What to do: When the line containing "Heyde EXCEEDINGLY RARE" appears in the data below, begin copying there and stop only after the line containing "Toyota Supra 2.0 L Turbo 2020".

Data shown:
>>>
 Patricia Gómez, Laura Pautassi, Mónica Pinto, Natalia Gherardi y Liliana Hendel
<<<
>>>
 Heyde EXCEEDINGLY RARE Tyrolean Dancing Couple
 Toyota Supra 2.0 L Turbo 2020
<<<
Exercise solution:
 Heyde EXCEEDINGLY RARE Tyrolean Dancing Couple
 Toyota Supra 2.0 L Turbo 2020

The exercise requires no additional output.